__Provided records__.
::::::::

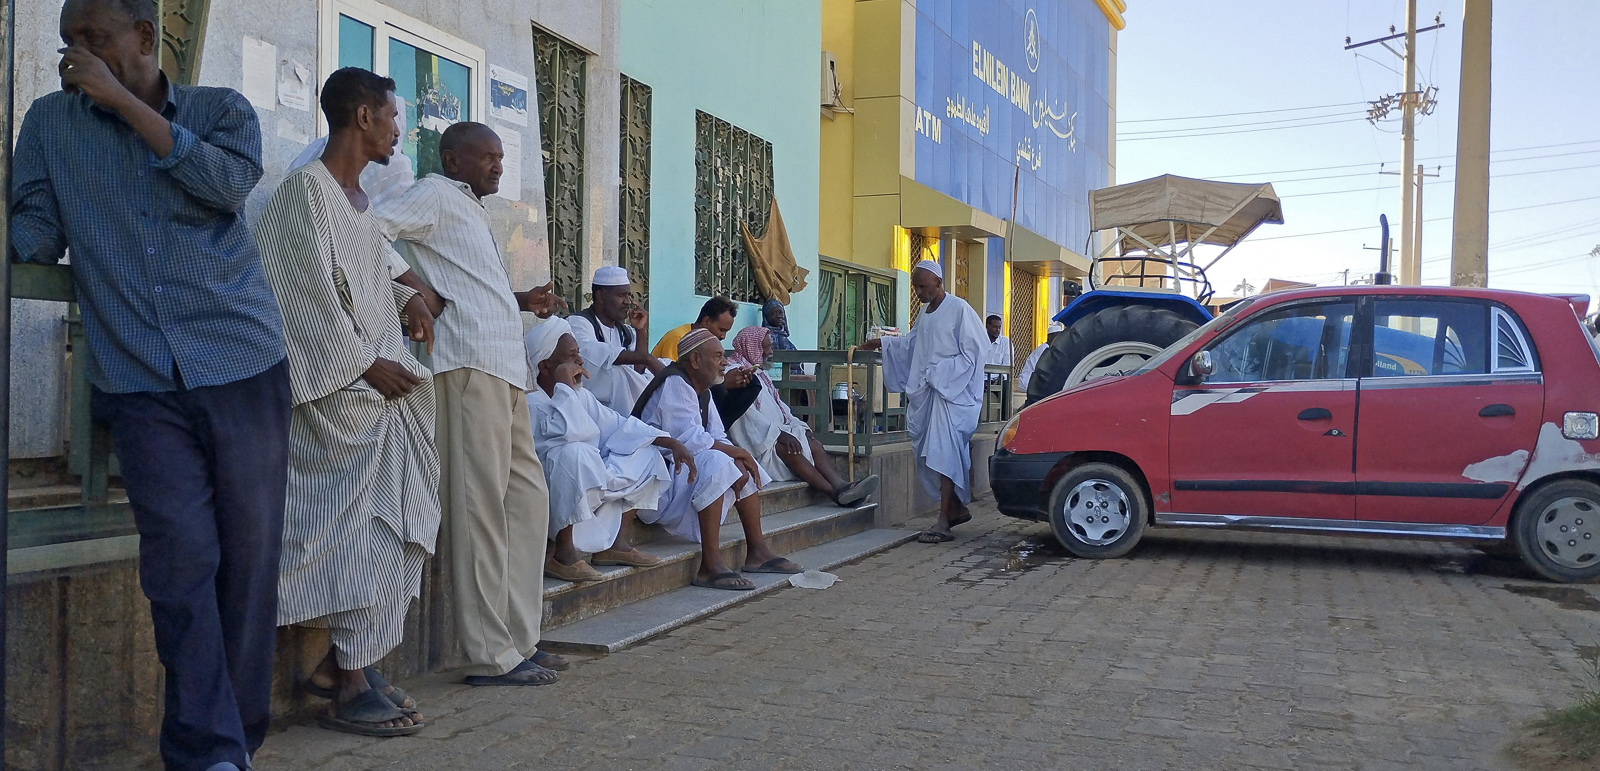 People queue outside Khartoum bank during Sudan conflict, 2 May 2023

::::::::

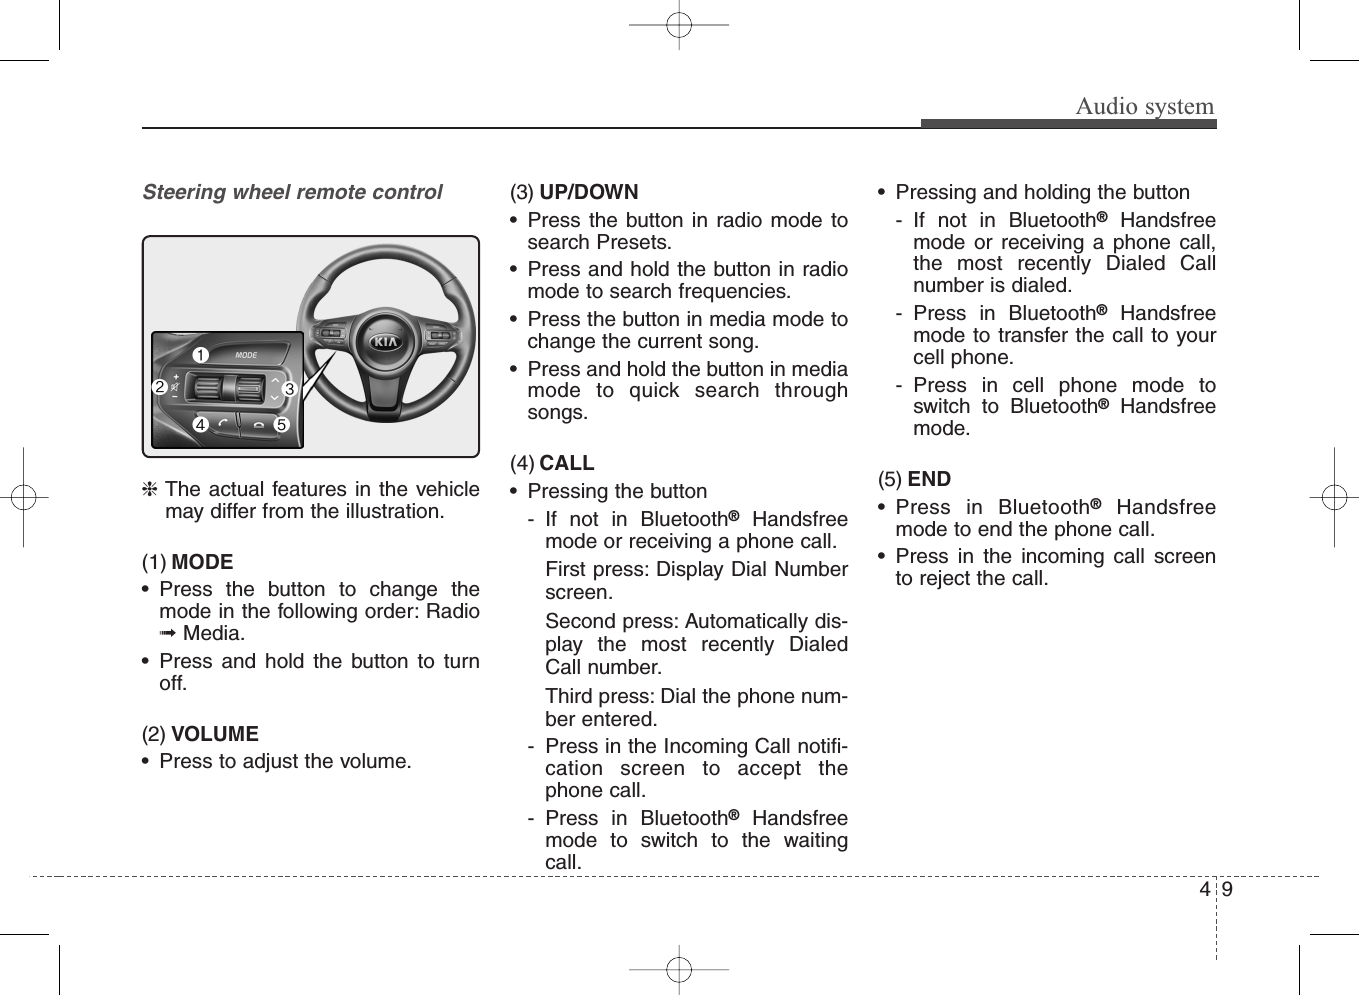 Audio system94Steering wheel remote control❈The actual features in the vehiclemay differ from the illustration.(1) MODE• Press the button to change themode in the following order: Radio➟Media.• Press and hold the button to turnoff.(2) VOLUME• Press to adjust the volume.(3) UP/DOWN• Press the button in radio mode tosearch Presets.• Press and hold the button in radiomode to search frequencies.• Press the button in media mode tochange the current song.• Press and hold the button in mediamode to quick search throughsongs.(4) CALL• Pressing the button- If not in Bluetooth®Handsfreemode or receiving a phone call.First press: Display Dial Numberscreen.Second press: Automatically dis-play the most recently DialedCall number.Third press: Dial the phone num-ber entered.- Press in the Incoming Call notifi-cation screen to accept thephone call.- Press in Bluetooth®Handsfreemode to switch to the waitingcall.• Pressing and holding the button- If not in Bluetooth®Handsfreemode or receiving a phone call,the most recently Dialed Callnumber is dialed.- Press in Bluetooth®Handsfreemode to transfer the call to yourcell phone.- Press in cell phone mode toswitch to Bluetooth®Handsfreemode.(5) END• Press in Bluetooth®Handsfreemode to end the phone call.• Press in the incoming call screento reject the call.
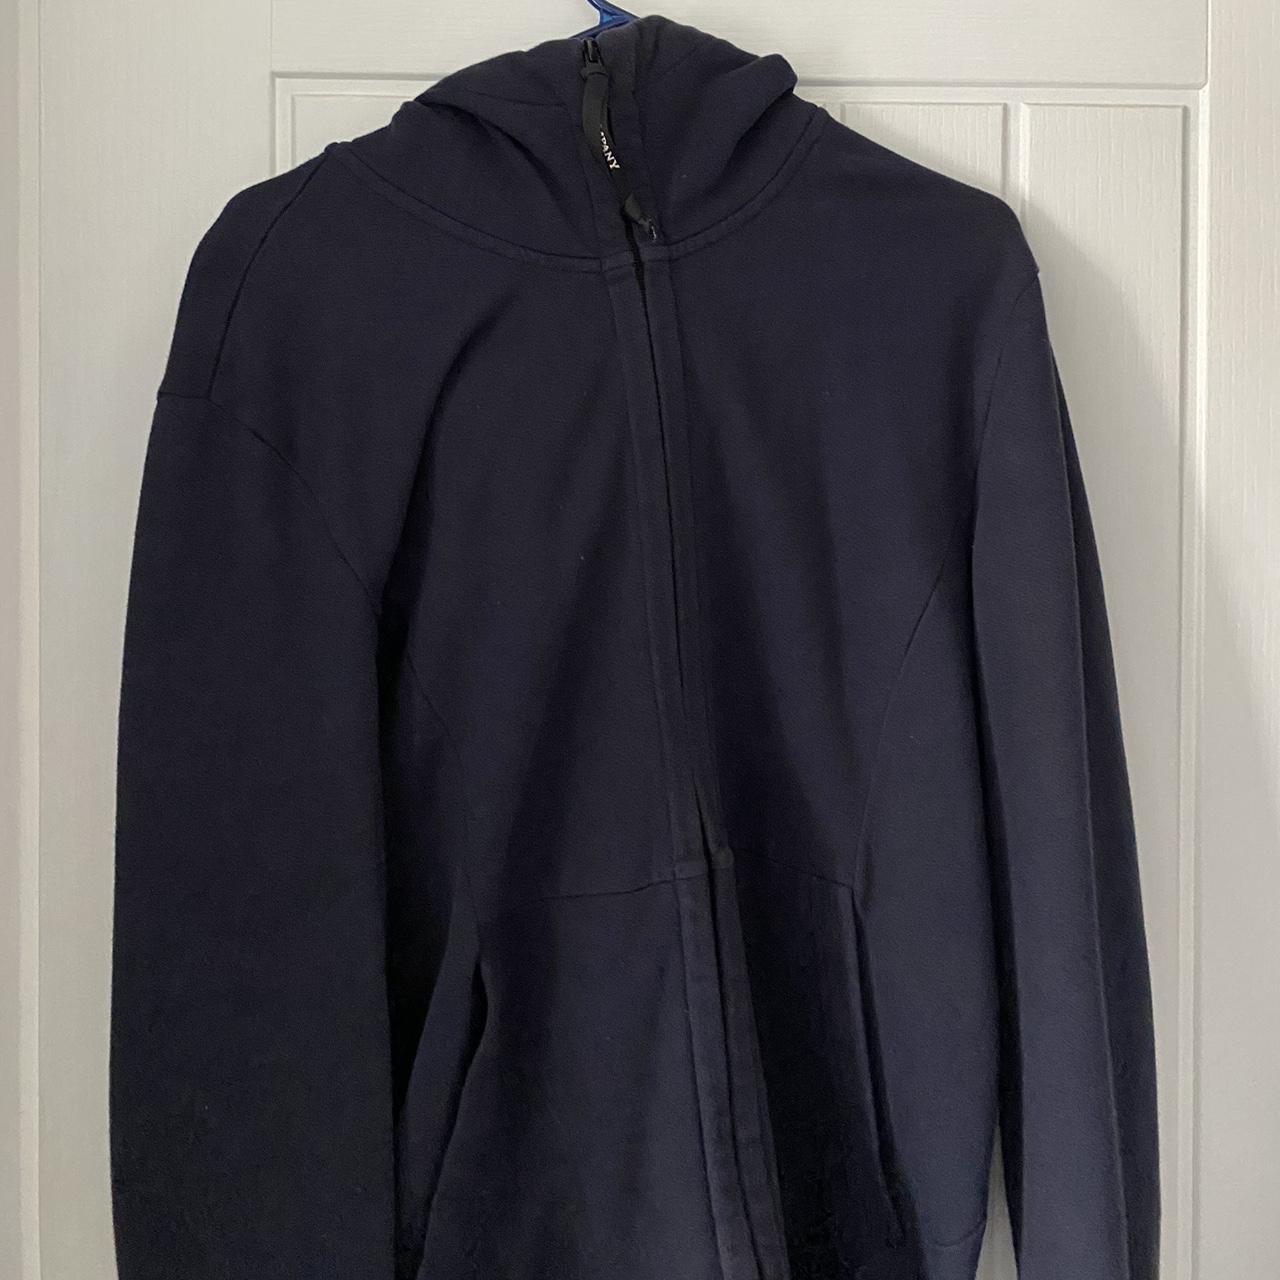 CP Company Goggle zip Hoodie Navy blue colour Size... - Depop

::::::::

__Work to be completed__.
Nothing but the lines above, starting at the line that contains "Audio system94Steering wheel" and ending at the line that contains "CP Company Goggle", should be given again, exactly and without the pictures.

__Exercise response__.
 Audio system94Steering wheel remote control❈The actual features in the vehiclemay differ from the illustration.(1) MODE• Press the button to change themode in the following order: Radio➟Media.• Press and hold the button to turnoff.(2) VOLUME• Press to adjust the volume.(3) UP/DOWN• Press the button in radio mode tosearch Presets.• Press and hold the button in radiomode to search frequencies.• Press the button in media mode tochange the current song.• Press and hold the button in mediamode to quick search throughsongs.(4) CALL• Pressing the button- If not in Bluetooth®Handsfreemode or receiving a phone call.First press: Display Dial Numberscreen.Second press: Automatically dis-play the most recently DialedCall number.Third press: Dial the phone num-ber entered.- Press in the Incoming Call notifi-cation screen to accept thephone call.- Press in Bluetooth®Handsfreemode to switch to the waitingcall.• Pressing and holding the button- If not in Bluetooth®Handsfreemode or receiving a phone call,the most recently Dialed Callnumber is dialed.- Press in Bluetooth®Handsfreemode to transfer the call to yourcell phone.- Press in cell phone mode toswitch to Bluetooth®Handsfreemode.(5) END• Press in Bluetooth®Handsfreemode to end the phone call.• Press in the incoming call screento reject the call.
 CP Company Goggle zip Hoodie Navy blue colour Size... - Depop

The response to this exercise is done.